Write out, word for word, every line in the data below from the one containing "Images Of Love Pictures Cartoons Cute" to the one containing "Pleat Detail Button", both of them included.

(Given records)

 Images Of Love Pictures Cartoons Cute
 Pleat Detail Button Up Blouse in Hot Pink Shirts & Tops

(End Given records)
(Given records)

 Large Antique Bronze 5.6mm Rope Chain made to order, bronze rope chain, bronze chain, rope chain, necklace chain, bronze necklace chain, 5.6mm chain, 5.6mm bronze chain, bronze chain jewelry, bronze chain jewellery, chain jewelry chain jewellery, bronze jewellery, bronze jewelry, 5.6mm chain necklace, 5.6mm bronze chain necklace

(End Given records)

Response to this task ▸
 Images Of Love Pictures Cartoons Cute
 Pleat Detail Button Up Blouse in Hot Pink Shirts & Tops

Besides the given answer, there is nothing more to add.